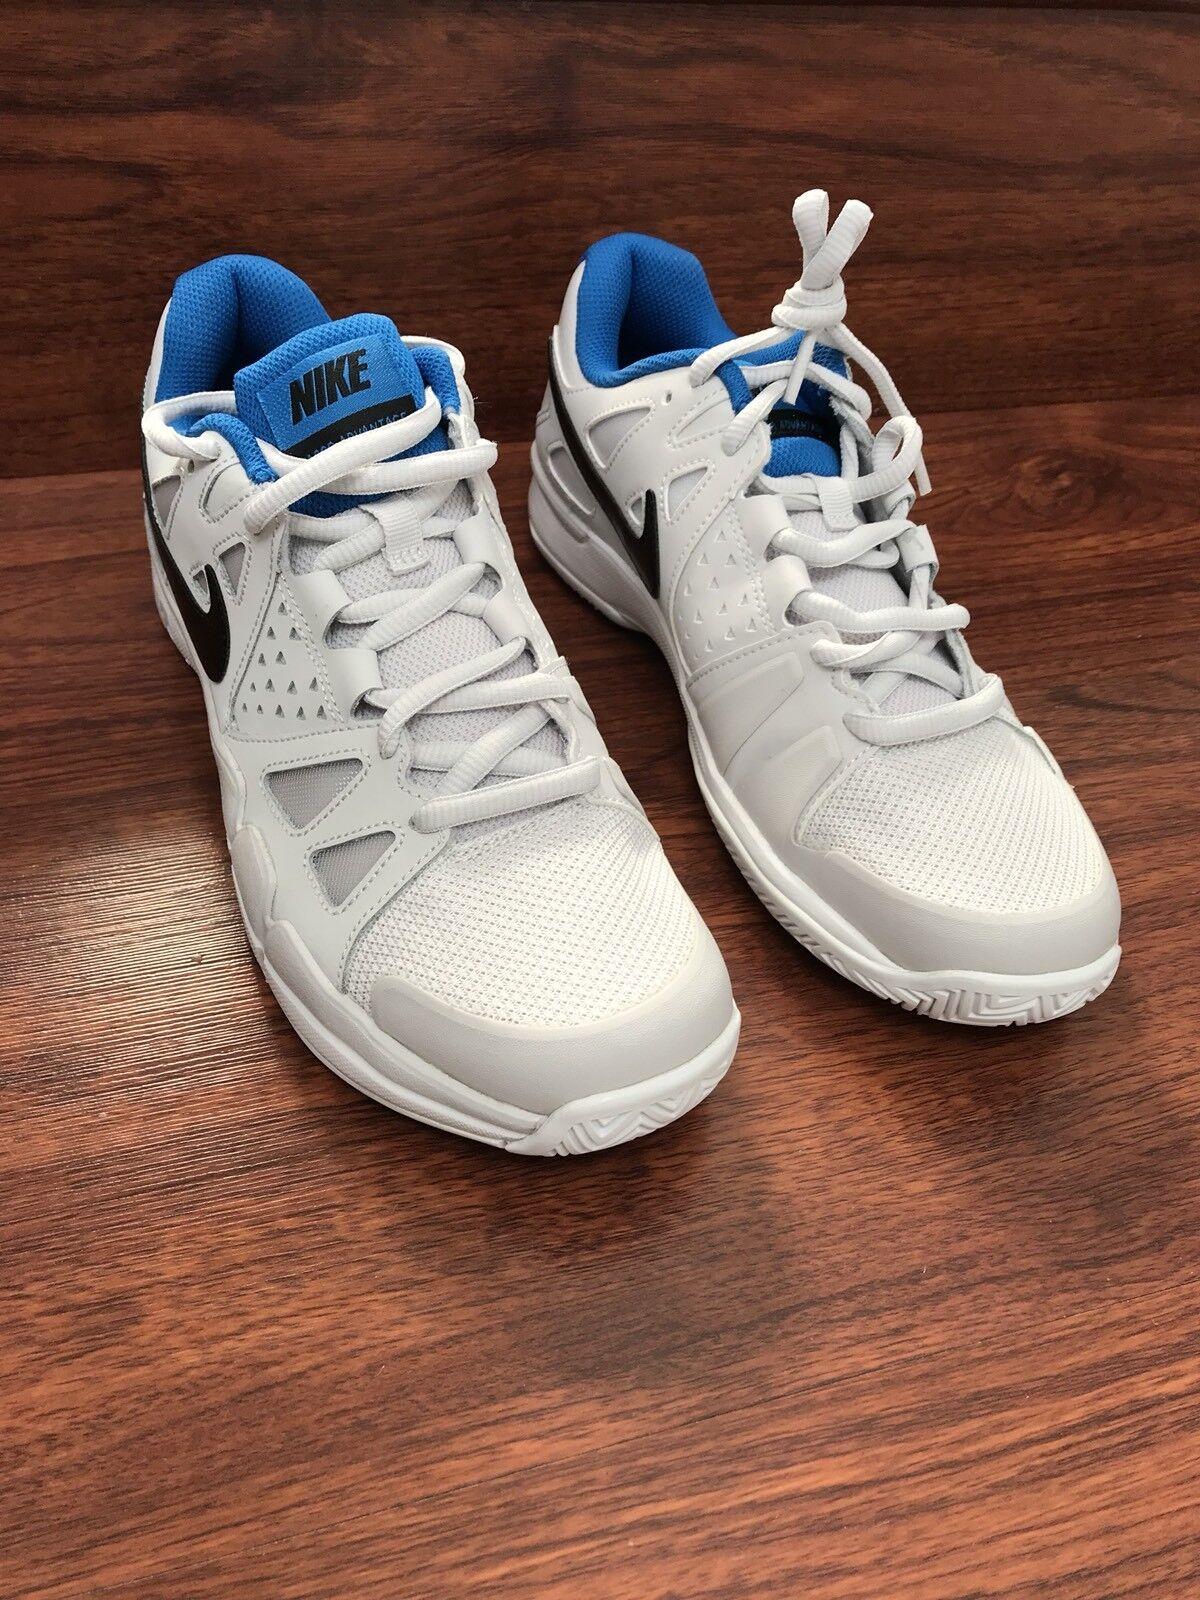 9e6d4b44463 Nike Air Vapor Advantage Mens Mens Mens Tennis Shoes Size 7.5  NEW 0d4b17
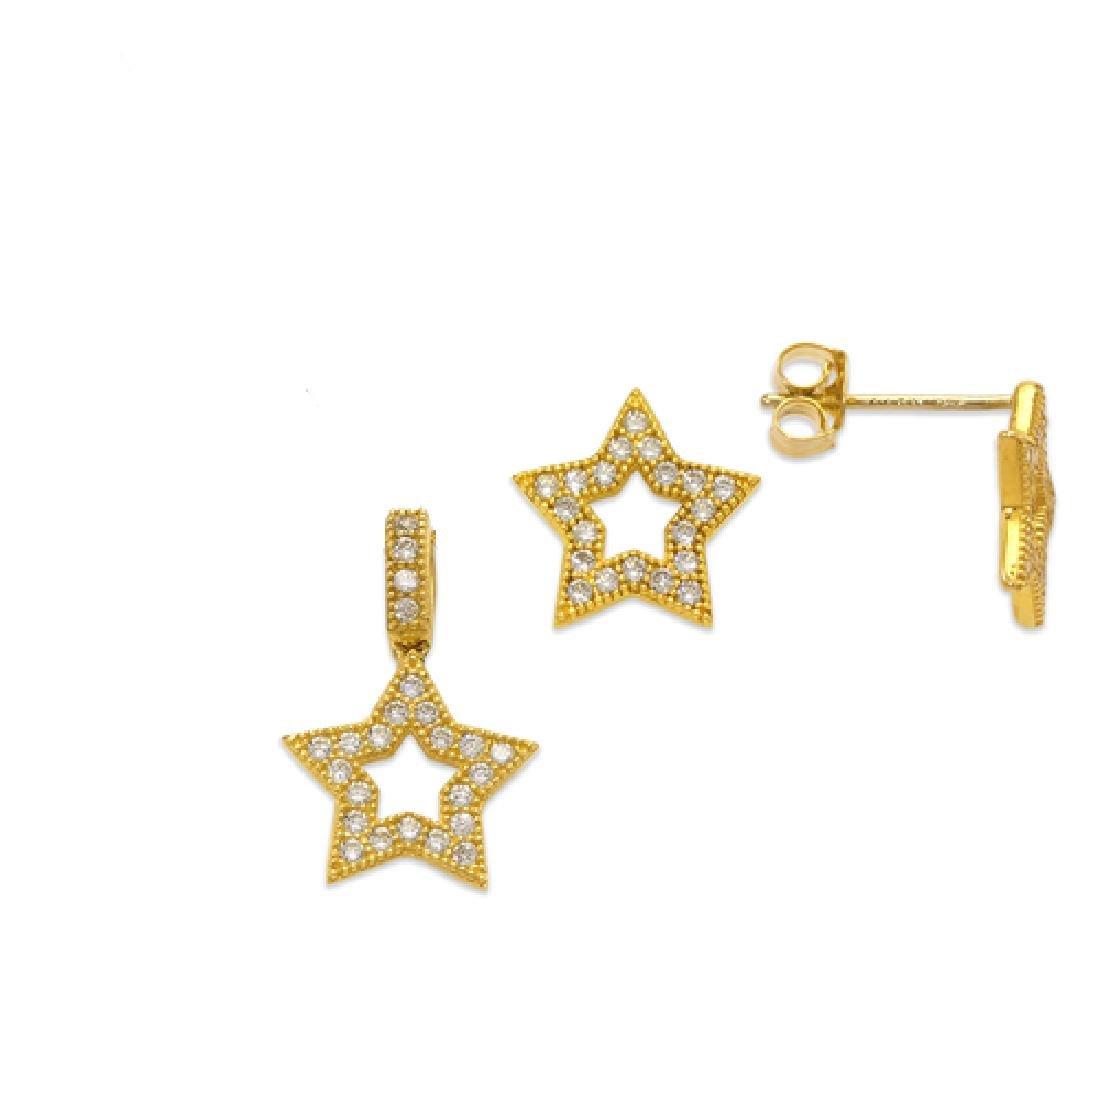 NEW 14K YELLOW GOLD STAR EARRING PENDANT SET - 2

******************************

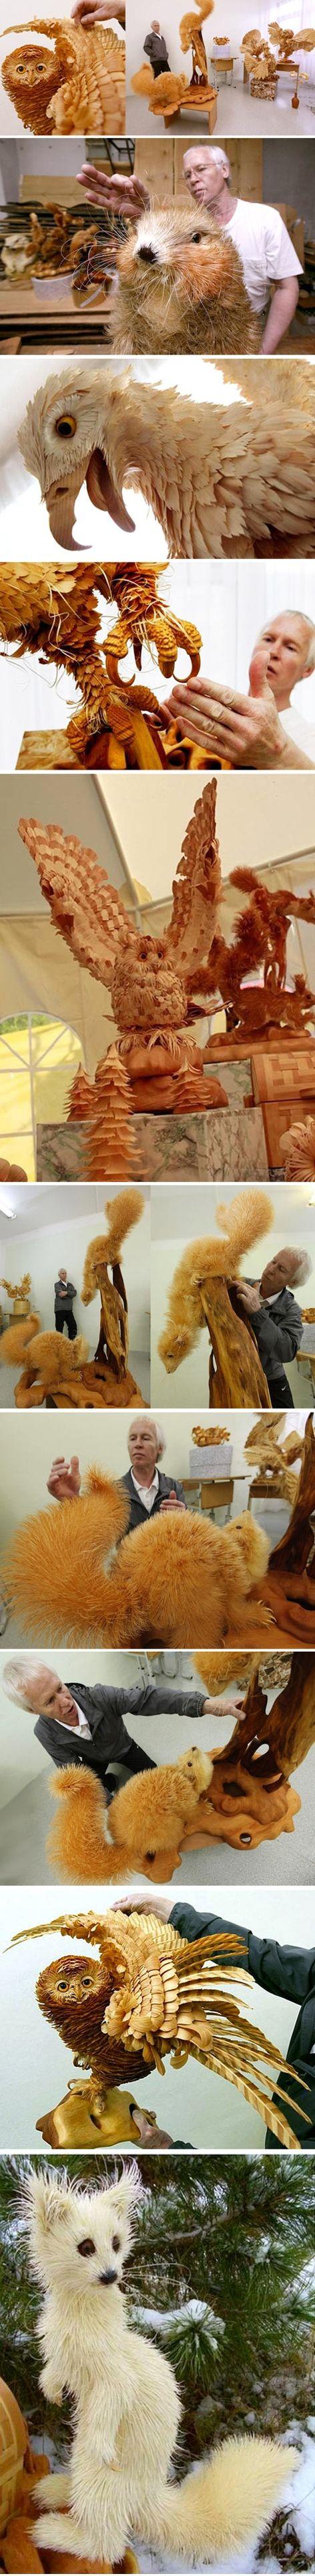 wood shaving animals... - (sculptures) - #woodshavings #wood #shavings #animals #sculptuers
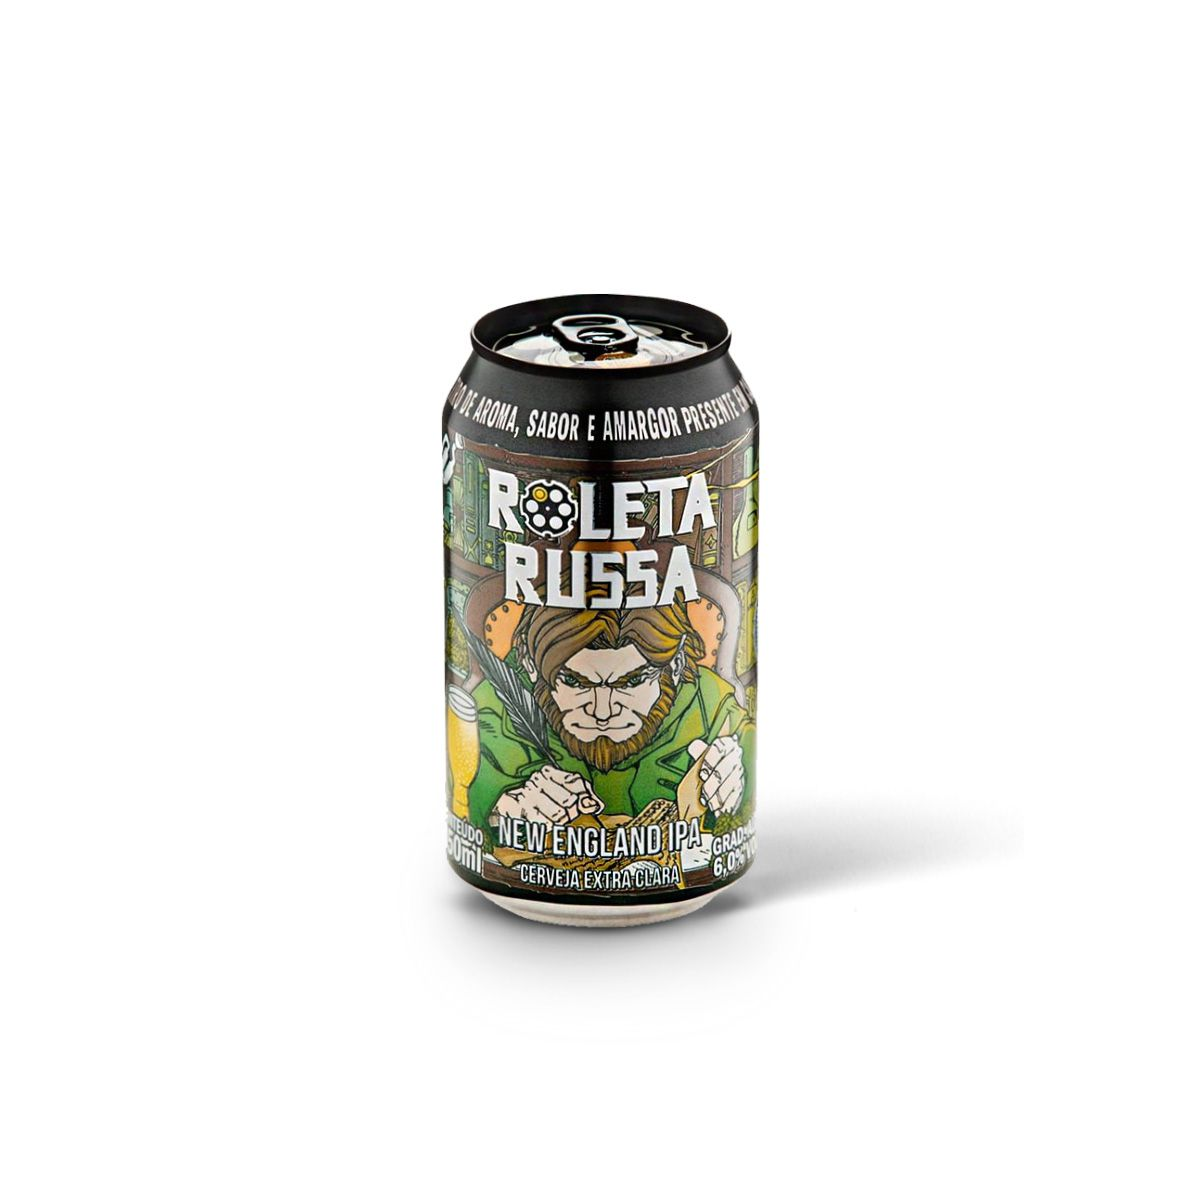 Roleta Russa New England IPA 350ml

******************************

*ABOUT THIS TASK*
From the records above, copy only the lines running from the line holding "9e6d4b44463 Nike Air" through the line holding "NEW 14K YELLOW", with no pictures.

*RESPONSE BELOW*
 9e6d4b44463 Nike Air Vapor Advantage Mens Mens Mens Tennis Shoes Size 7.5  NEW 0d4b17
 NEW 14K YELLOW GOLD STAR EARRING PENDANT SET - 2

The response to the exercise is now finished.